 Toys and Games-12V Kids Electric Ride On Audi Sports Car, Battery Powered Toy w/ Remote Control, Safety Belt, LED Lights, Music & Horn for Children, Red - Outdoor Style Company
* * *
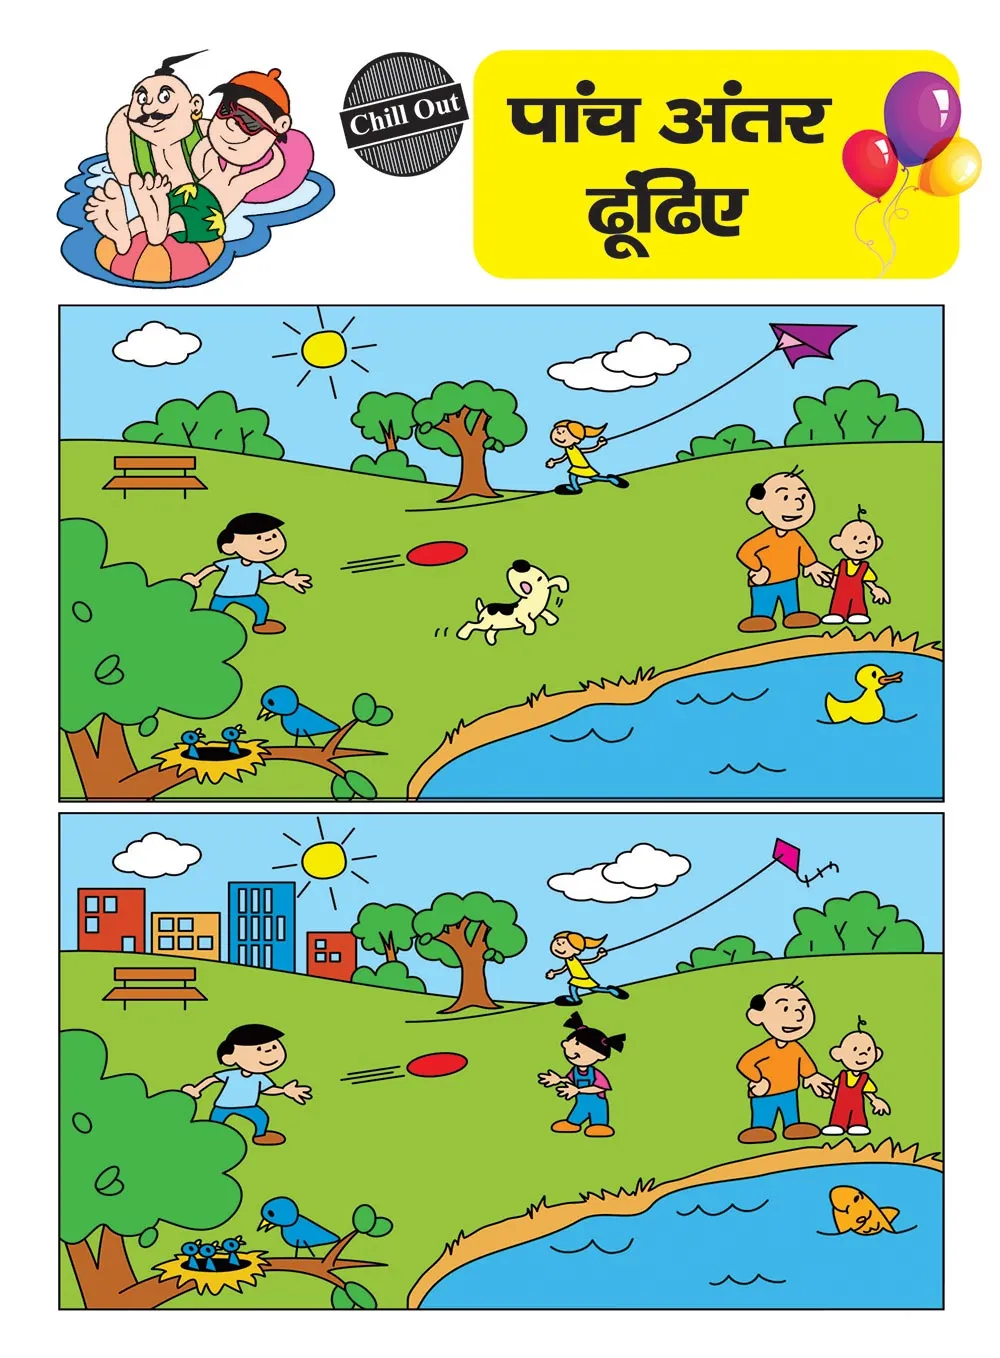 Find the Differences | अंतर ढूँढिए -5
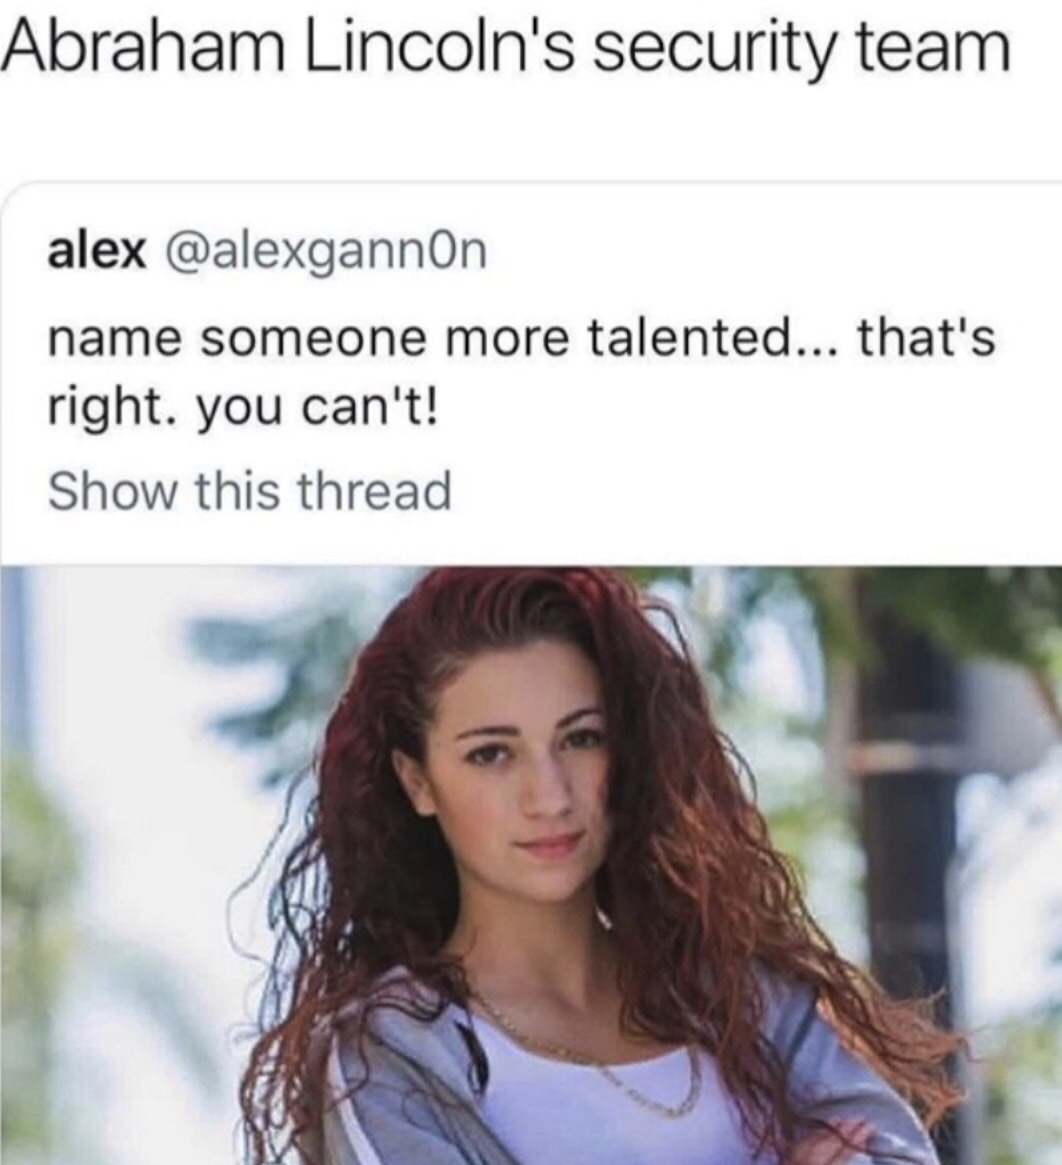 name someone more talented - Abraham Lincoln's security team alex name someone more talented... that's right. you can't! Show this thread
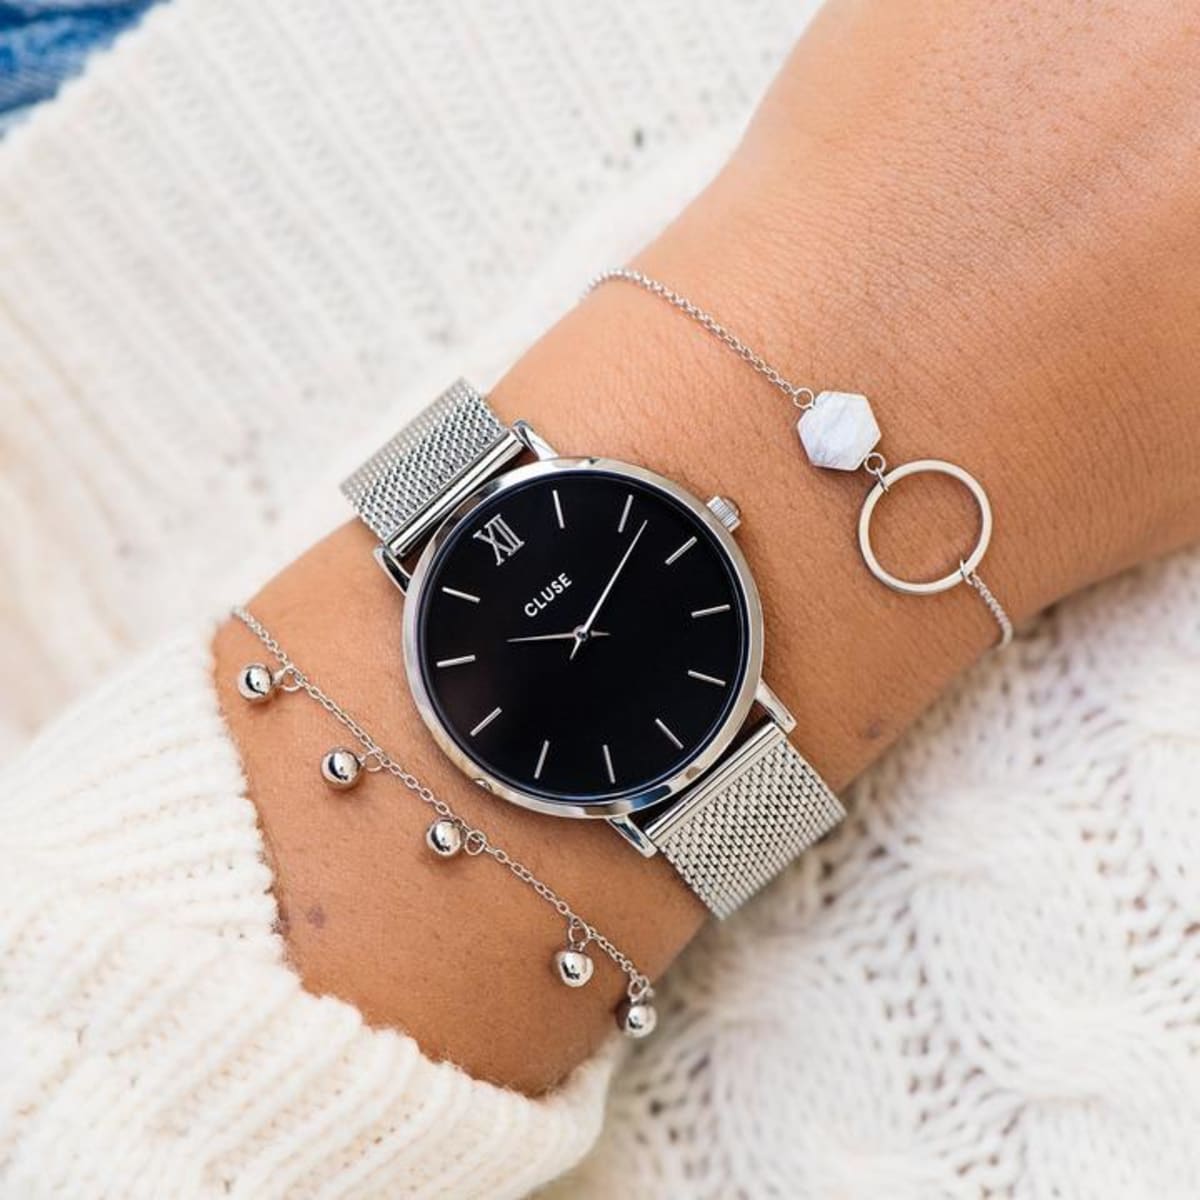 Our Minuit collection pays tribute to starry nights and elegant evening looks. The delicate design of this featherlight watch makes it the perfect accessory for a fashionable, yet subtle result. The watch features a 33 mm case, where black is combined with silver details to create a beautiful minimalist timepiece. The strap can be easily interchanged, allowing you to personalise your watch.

• _PROBLEM_:
Output exactly the stretch of the listing that begins at the line containing "Find the Differences | अंतर ढूँढिए -5" and ends at the line containing "Our Minuit collection", both kept. Omit pictures and everything else.

• _TASK OUTPUT_:
 Find the Differences | अंतर ढूँढिए -5
 name someone more talented - Abraham Lincoln's security team alex name someone more talented... that's right. you can't! Show this thread
 Our Minuit collection pays tribute to starry nights and elegant evening looks. The delicate design of this featherlight watch makes it the perfect accessory for a fashionable, yet subtle result. The watch features a 33 mm case, where black is combined with silver details to create a beautiful minimalist timepiece. The strap can be easily interchanged, allowing you to personalise your watch.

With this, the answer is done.